Liberan la bestia que tenemos dentro
Octavi Pereña
lunes, 30 de mayo de 2022, 09:11 h (CET)

Los celos,  dice el escritor noruego Jo Nerbo, “son una fuerza motriz detrás de muchas de nuestras acciones. Nuestra competitividad la mueven los celos. Se dan distintos grados, está claro. No es lo mismo pegar a tu hermano en una lucha por una mujer que correr en una pista. Un poco puede ser bueno. Cuando terminas en asesinato o en gente atormentándose a sí misma, no. ¿A Putin le mueven los celos, y la envidia? ¿A Bush cuando invadió Irak para superar el legado de su padre? Es una fuerza motriz y también destructiva.


El diccionario define celos. “Amor, afecto recluido de quien teme que el otro pueda ser preferido. Envidia que nos causa quien disfruta de alguna cosa que querríamos para nosotros”. Envidia y celos son sinónimos.
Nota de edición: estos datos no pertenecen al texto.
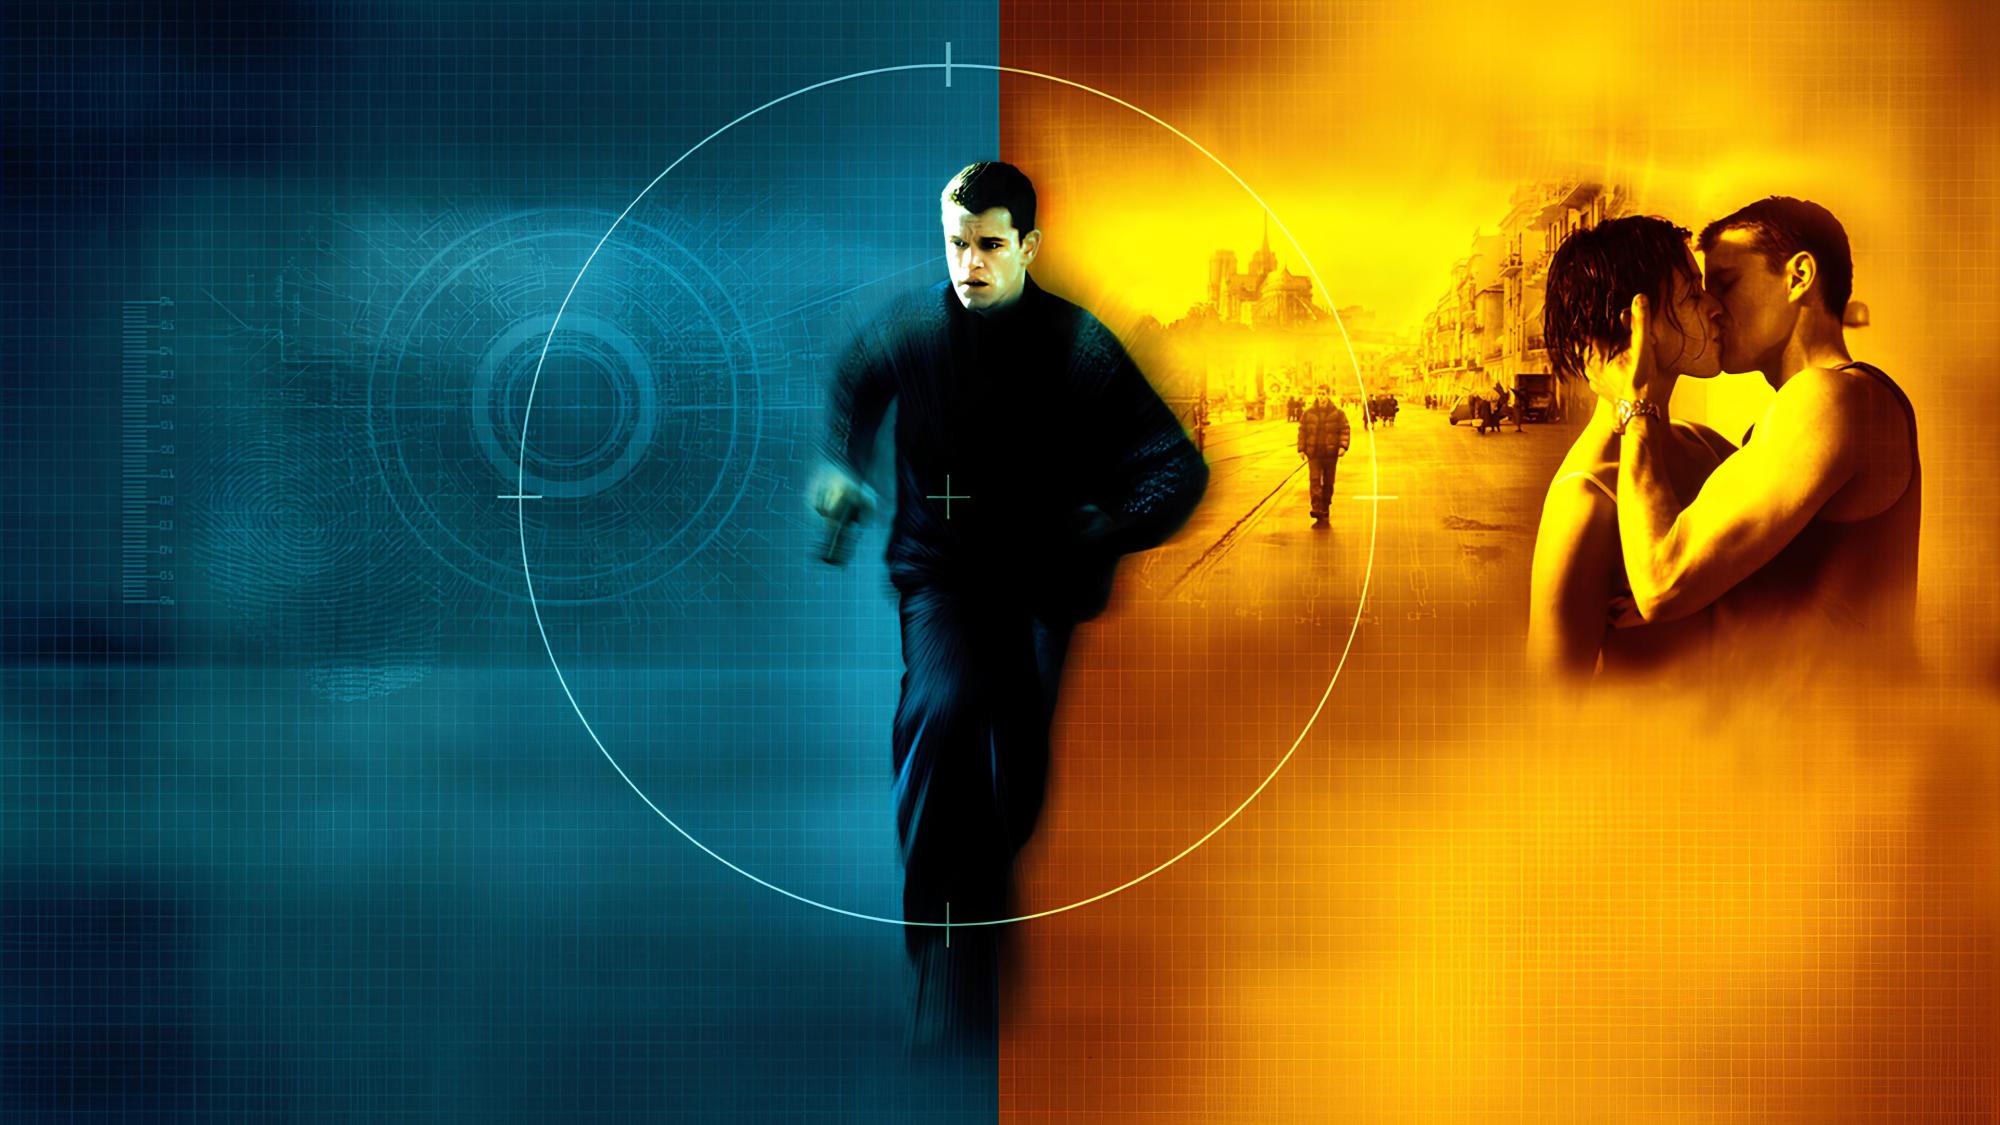 Backdrop Image for The Bourne Identity

Un ejemplo bíblico de celos que no son buenos y “terminan en asesinato o en gente atormentándose a sí misma” se encuentra en Saúl que fue el primer rey de Israel. Muchas personas conocen la historia de David y Goliat. David fue un adolescente pastor de ovejas que mató al terrible Goliat con un guijarro que lanzó con su honda y que impactó en la frente de su temible enemigo. El valiente David fue fichado de inmediato por el monarca. De pastor de ovejas se convierte en un renombrado soldado que cuando regresa victorioso de las batallas contra los filisteos las mujeres salían a recibirle cantando: “Saúl hirió a sus miles, y David a sus diez miles” (1 Samuel 18: 7). Esto enojó en gran manera a Saúl, dijo: “A David dieron diez miles y a mí miles, no le falta más que el reino. Y desde aquel día Saúl no vio con buenos ojos a David” (vv. 8,9). Los celos infundados que se despertaron en Saúl le impulsaron a proceder con alevosía. Empezó disparatar. A pesar de que Jonatán, hijo de Saúl, defendía ante su padre la fidelidad de David, los celos descontrolados prevalecieron. “Aconteció al otro día que un espíritu malo de parte de Dios tomó a Saúl, y el desvariaba en medio de la casa. David tocaba con su mano como los otros días, y tenía Saúl la lanza en la mano. Y arrojó Saúl la lanza, diciendo: Enclavaré David a la pared. Pero David lo evadió dos veces” (vv 10,11o). David huye y Saúl le persigue con el mismo ensañamiento que el sabueso persigue a su presa. Lo que se siembra se recoge. Saúl murió ignominiosamente junto con sus hijos luchando contra los filisteos en la batalla de Gilboa, lanzándose sobre su espada.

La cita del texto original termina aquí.